Respond to the Energy of the Story

My general approach to writing fiction is that you try to have as few conceptual notions as possible and you just respond to the energy that the story is making rather than having a big over plan. I think if you have a big over plan, the danger is that you might just take your plan and then you bore everybody. I always joke that it’s like going on a date with index cards. You know, at 7:30 p.m. I should ask about her mother. You keep all the control to yourself but you are kind of insulting to the other person.

GEORGE SAUNDERS

Read Writers' Letters and Journals

When people feel depressed or anxious, what often troubles them is time. If you cannot see tomorrow, a minute goes so slowly, the clock doesn’t move, and that’s how I feel when I’m not doing well. So, I read writers’ letters and journals — you’re looking at a lifetime in 600 pages. For instance, Katherine Mansfield died young but in her journal it was a lifetime. She had to live every day. Every day was still pain and struggle and poverty. Days are repetitive. Reading other people’s letters and journals makes me a little more patient with life.

YIYUN LI

Critique Groups

Critique groups can be less than ideal.
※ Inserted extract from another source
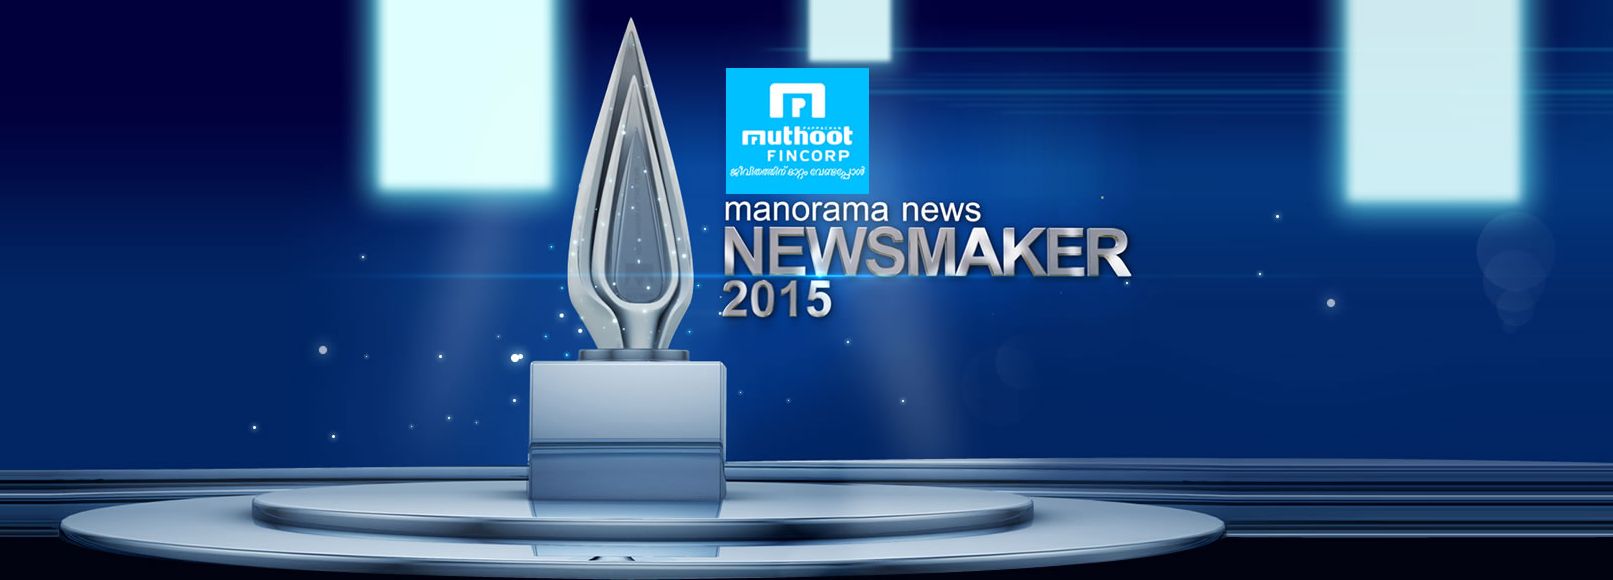 Aruvikkara Election Results Live On Manorama News Channel 4

You get a bunch of writers together to explicitly pick apart one another’s work, there’s no guarantee that you’re going to end up with something better, but you damn sure might end up with something routinely not you. And the opposite can be true, too — they might all love what you wrote, despite the fact that the thing you wrote needs serious work. This is complicated further by social biases: friends don’t want to hurt friends, so maybe they withhold honesty or literally don’t see the problem. Friends also might unconsciously want to hurt friends because, well, we’re a bundle of terrible complexities and maybe there’s some jealousy involved or some kind of unperceived resentment, oh no. Plus, a critique group sometimes feels obligated to find problems just to make use of themselves, which means they’re inventing problems rather than highlighting existing problems, and you might feel obligated to make changes because you don’t want to be rude — but maybe you have your own resentments and disregard good edits because of them, and, and, and….

CHUCK WENDIG

Bad Dialogue

Nothing can break the mood of a piece of writing like bad dialogue. My students are miserable when they are reading an otherwise terrific story to the class and then hit a patch of dialogue that is so purple and expositional that it reads like something from a childhood play by the Gabor sisters. ... I can see the surprise on my students' faces, because the dialogue looked okay on paper, yet now it sounds as if it were poorly translated from their native Hindi.